Digital Libraries are a rapidly growing resource on the Internet. This explosion of resources, detailed at TeraText, shows 126 Dlib sources and almost two million document records. [http://www.teratext.com.au:8123/public/collDetails;collection=OAI] All of these records have been collected (harvested) by TeraText using the OAI-PMH standard to access the many Dlibs.
Open Archive Initative (OAI) [http://www.openarchives.org/] is the core Dlib standard that has enabled rapid growth of Dlibs. OAI has in turn developed its OAI Protocol for Metadata Harvesting (OAI-PMH) [http://www.openarchives.org/OAI/openarchivesprotocol.html] standard. OAI-PMH is what enables a single format for access to Dlib index records, enabling the ability to aggregate DCMI index records from many OAI libraries into a combined or federated search service.
Dublin Core Metadata Initative (DCMI) [http://dublincore.org/] defines the minimum index requirements for documents. Ten specific fields must be created, but this does not limit what additional index fields may be added. Many organizations have defined specialized DCMI fields that are standard for their subject area.
Dlibs subscribe to at least the DCMI base requirements for metadata about the items in the library. These base elements define: Title, Creator, Subject, Description, Publisher, Contributor, Date, Type, Format, Identifier, Source, Language, Relation, Coverage, and Rights.

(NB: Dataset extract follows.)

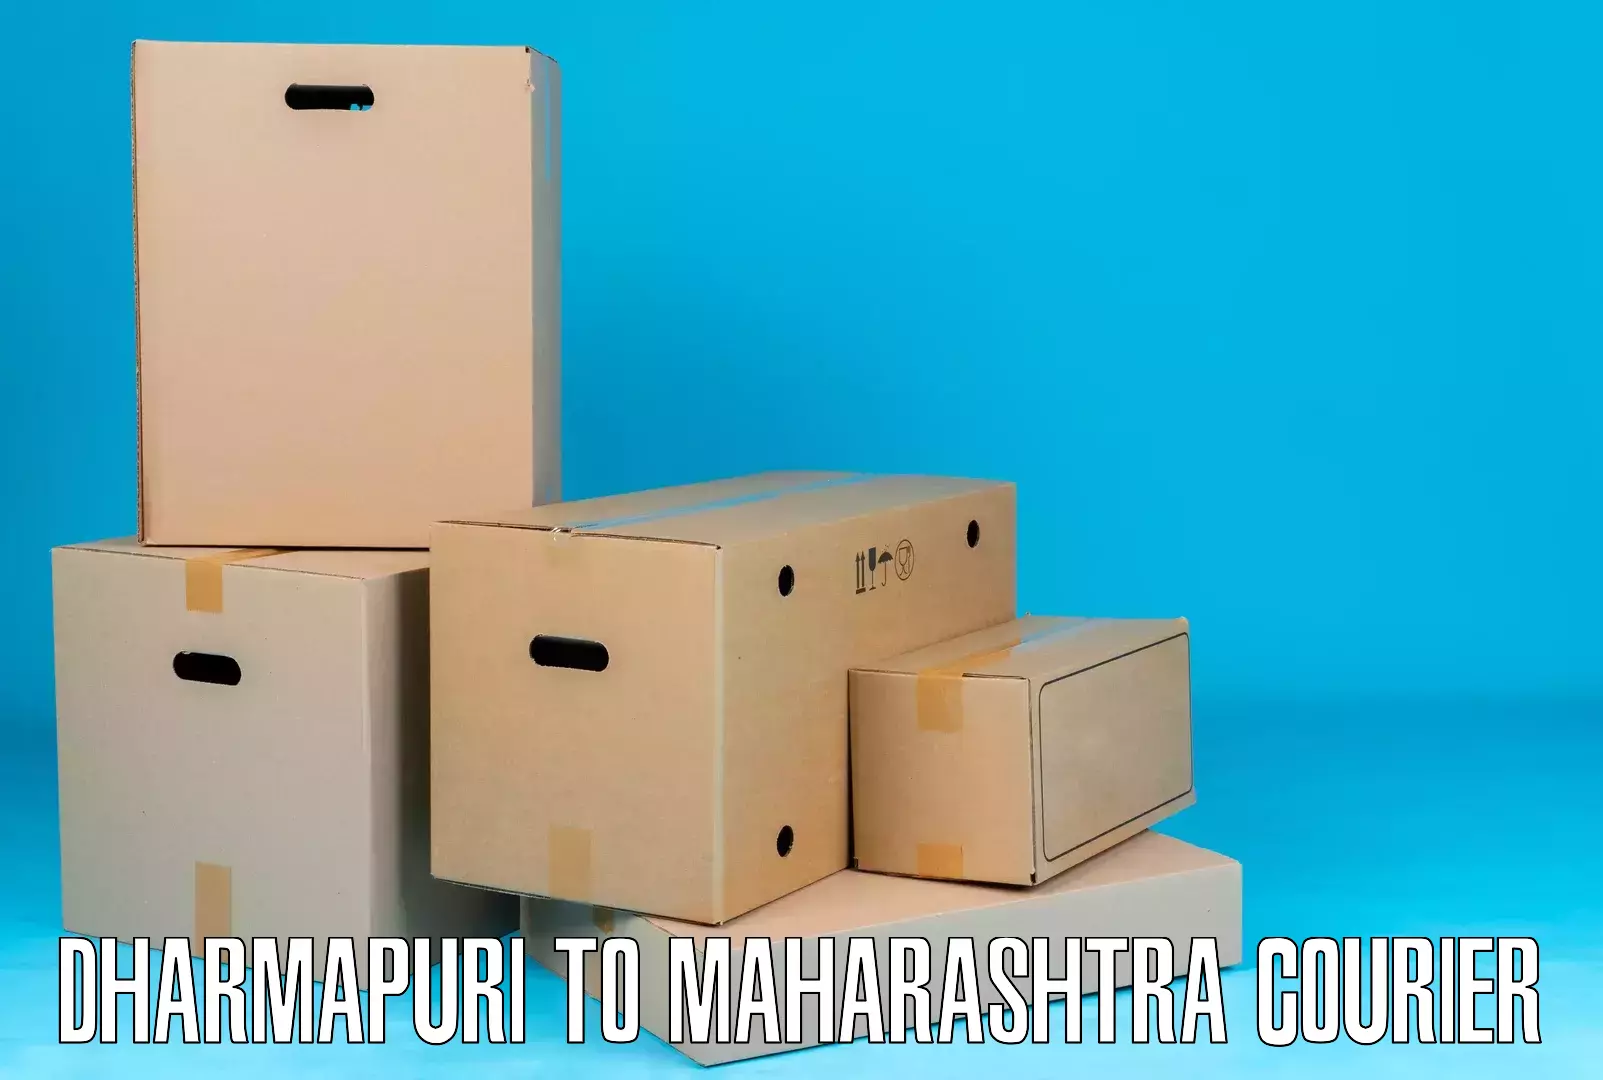 Efficient freight service Dharmapuri to Akkalkot

DCMI records are created in a specific XML structure designed for indexing. The basic standard, eXtended Markup Language (XML) [http://www.w3.org/XML/], has already changed the way many web sites create pages and has become a standard writing and publishing format.
The broad availability of information in Dlibs depends on standards which enable a common access format, OAI-PMH, to each library index. OAI-PMH enables easy access to index records describing each document in each Dlib. This access makes sites with federated indexes possible, where users can do a single search on multiple library indexes for documents. A single index site makes finding the document needle in many library haystacks much easier.
In addition to the powerful indexing and searching functions, Dlibs have other major advantages that will make them dominant in the near future. First is the ease and speed of access from any location with Internet access. Second is the speed of update as new items become available. Third is library items are never out on loan or lost, and fourth, expensive real estate and staff requirements are greatly reduced.
What is particularly beneficial for the public is the combination of local libraries with Internet access to regional collections indexed on line, making access to a large collection of printed books and Dlibs easy. Now all a small town needs for a library is a room with a bookshelf, a couple of computers with Internet access, and one staff person to help people use the systems. The long term benefit for literacy should be significant.
The Internet literature on Dlibs is expanding rapidly. Collected at the end of this column are a number of links, organized by category, with a brief description of what the site covers. The links will provide an introduction to Dlib essentials with several sample sites. Beyond that, follow your interests to explore the Dlib universe.
In addition to being Internet accessable, Dlibs include information that has been the province of university libraries until now. Collections of scientific papers and papers of all sorts - technical, artistic, exploratory, historic and news - open a new door for public access and investigation. You can check out some DLibs listed in References under Digital Libraries.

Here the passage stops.